How did we ever survive?

Discussion in 'General Discussion' started by momtobrenna, Jul 31, 2005.

  1. momtobrenna

    momtobrenna Registered Member

    My Mom used to cut chicken, chop eggs and spread mayo on the same cutting board with the same knife and no bleach, but we didn't seem to get food poisoning.

    My Mom used to defrost hamburger on the counter AND I used to eat it raw sometimes too, our school sandwiches were wrapped in wax paper in a brown paper bag not in icepack coolers, but I can't remember getting e coli?

    Almost all of us would have rather gone swimming in the lake instead of a pristine pool (talk about boring), no beach closures then.

    The term cell phone would have conjured up a phone in a jail cell, and a pager was the school PA system.

    We all took gym, not PE... and risked permanent injury with a pair of high top Ked's (only worn in gym) instead of having cross-training athletic shoes with air cushion soles and built in light reflectors. I can't recall any injuries but they must have happened because they tell us how much safer we are now.

    Flunking gym was not an option... even for stupid kids!

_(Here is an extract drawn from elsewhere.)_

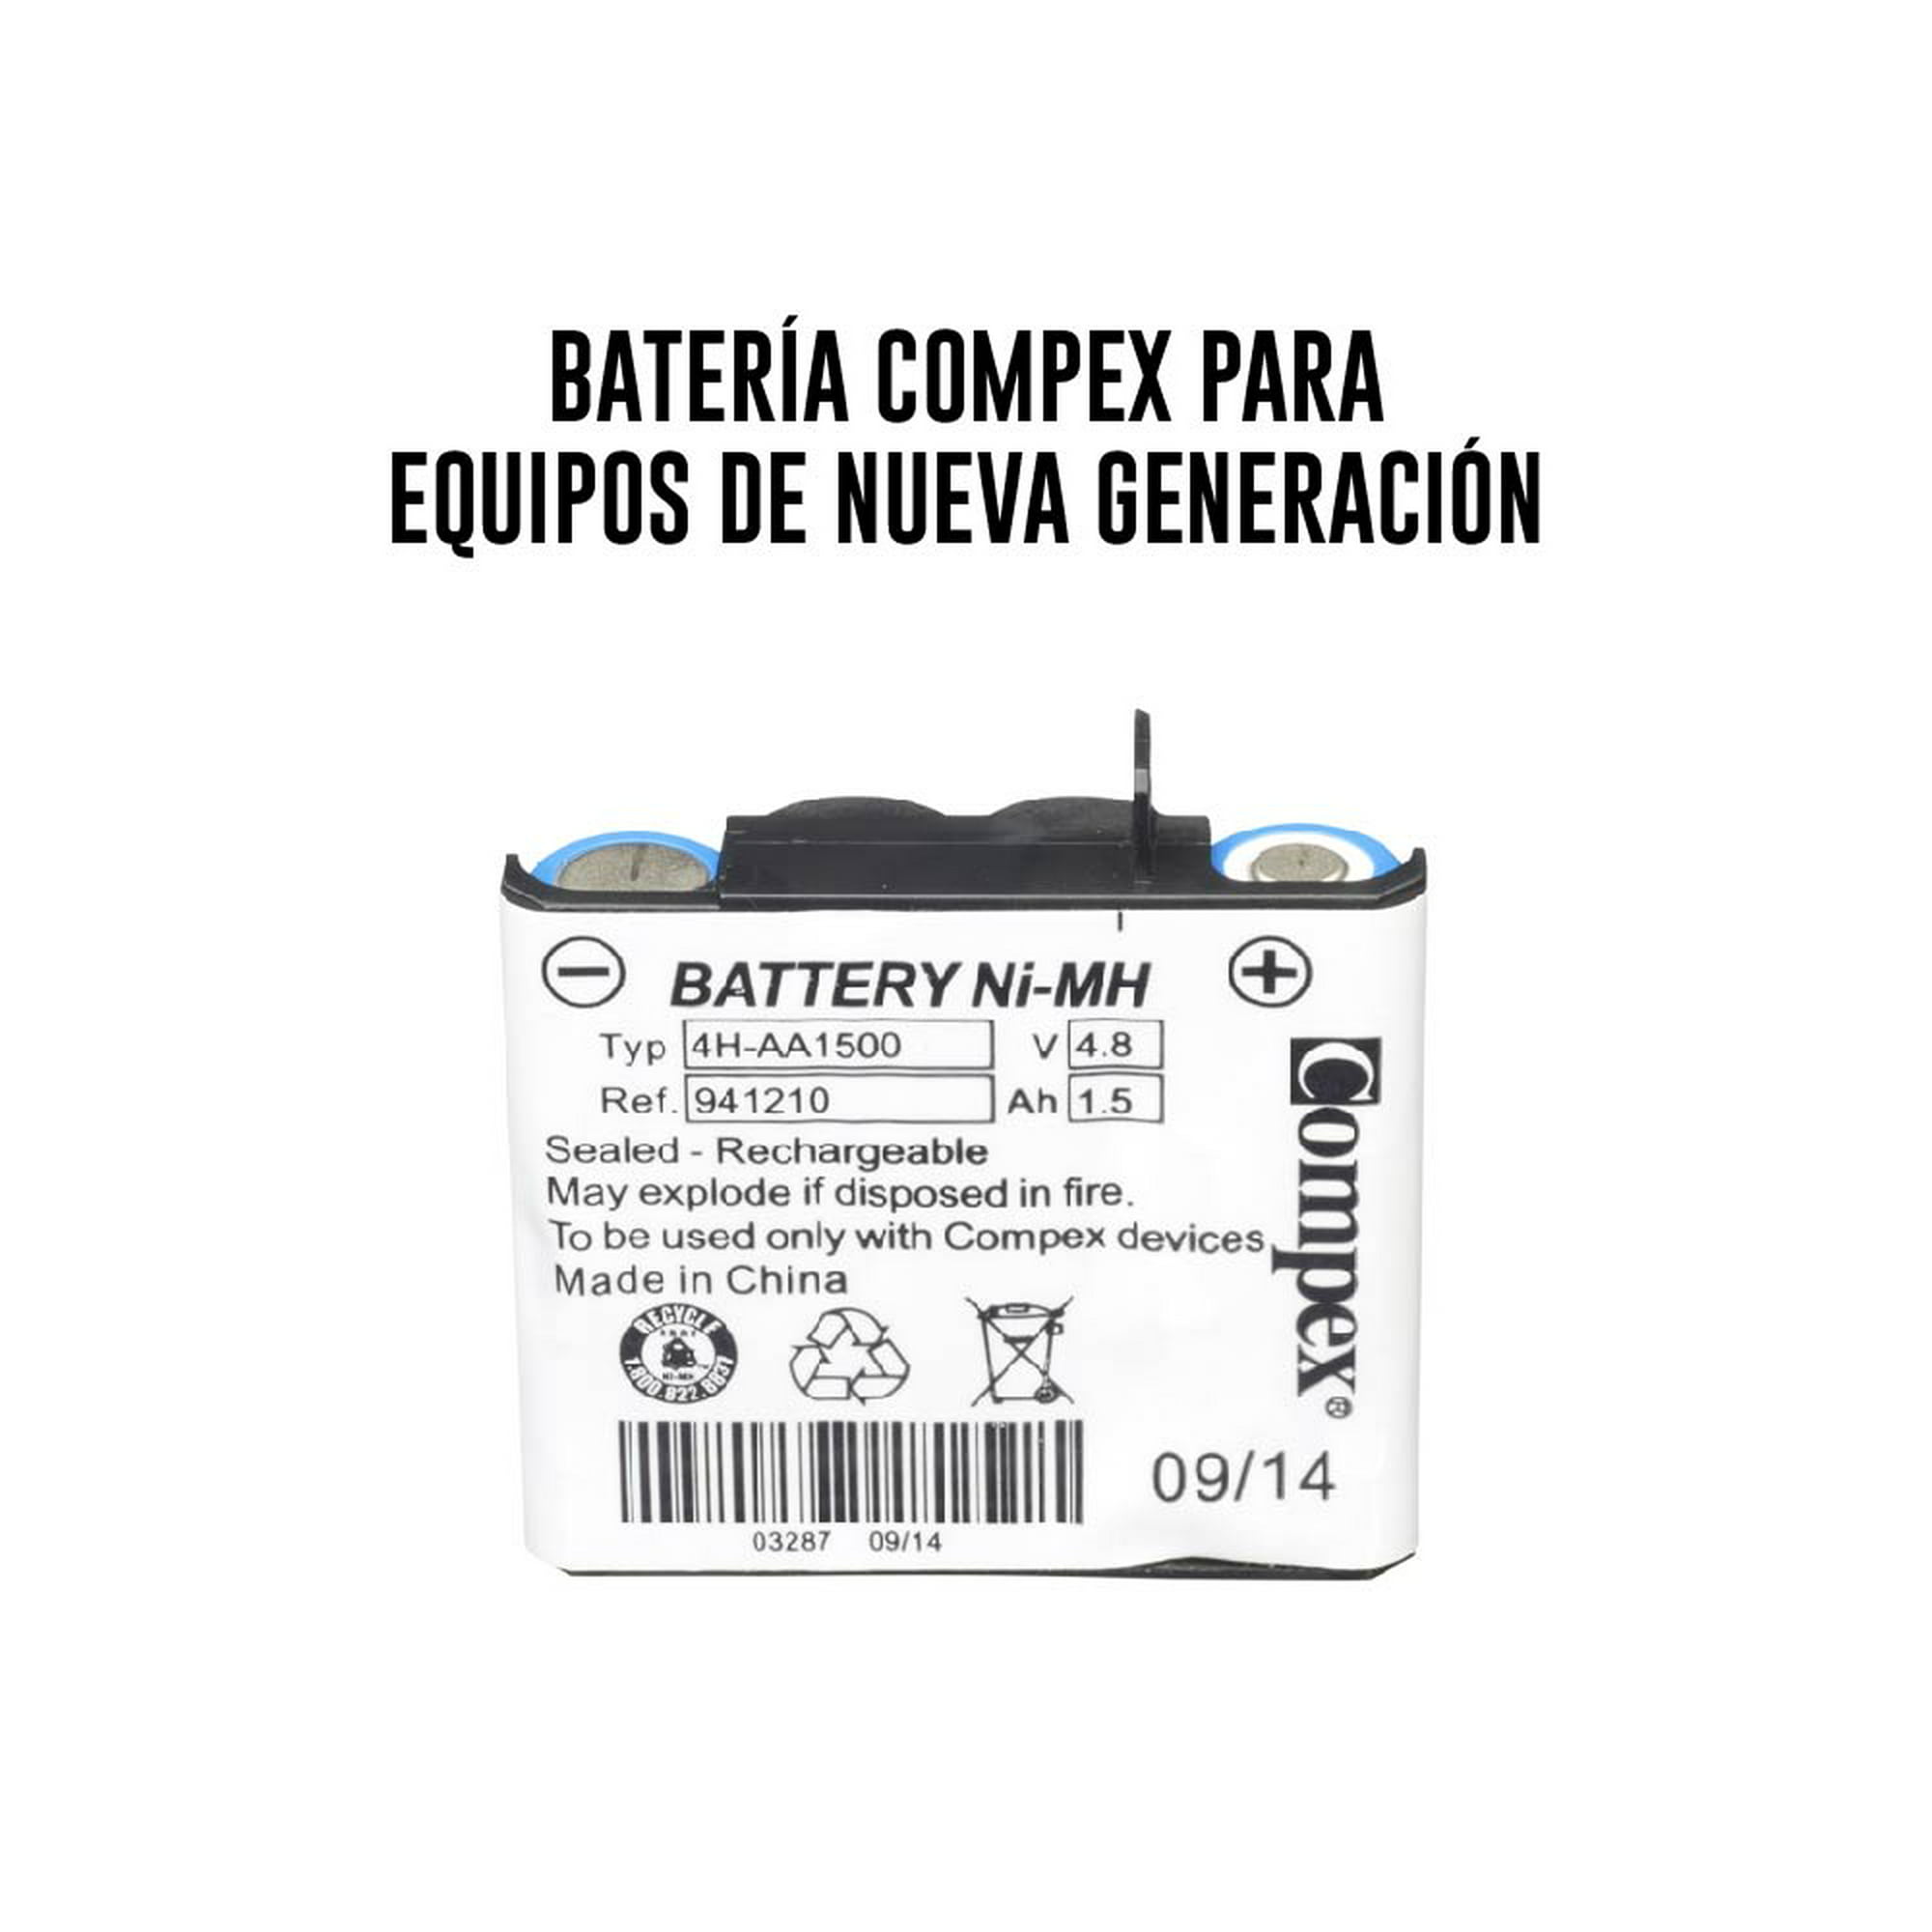 Batería Compex compatible con los modelos Compex d

I guess PE must be much harder than gym.

    Every year, someone taught the whole school a lesson [and provided comic relief] by running in the halls with leather soles on linoleum tile and hitting the wet spot. How much better off would we be today if we only knew we could have sued the school system.

    Speaking of school, we all said prayers and sang the national anthem and staying in detention after school caught all sorts of negative attention.

    We must have had horribly damaged psyches. I can't understand it. Schools didn't offer 14 year olds an abortion or condoms (we wouldn't have known what either was anyway) but they did give us a couple of baby aspirin and cough syrup if we started getting the sniffles.

    What an archaic health system we had then. Remember school nurses? Ours wore a hat and everything.

    I thought that I was supposed to accomplish something before I was allowed to be proud of myself.

    I just can't recall how bored we were without computers, Play Station, Nintendo, X-box or 270 digital TV cable stations.

    I must be repressing that memory as I try to rationalize through the denial of the dangers could have befallen us as we trekked off each day about a mile down the road to some guy's vacant lot, built forts out of branches and pieces of plywood, made trails, and fought over who got to be the Lone Ranger. What was that property owner thinking, letting us play on that lot? He should have been locked up for not putting up a fence around the property, complete with a self-closing gate and an infrared intruder alarm. Oh yeah... and where was the Benadryl and sterilization kit when I got that bee sting? I could have been killed!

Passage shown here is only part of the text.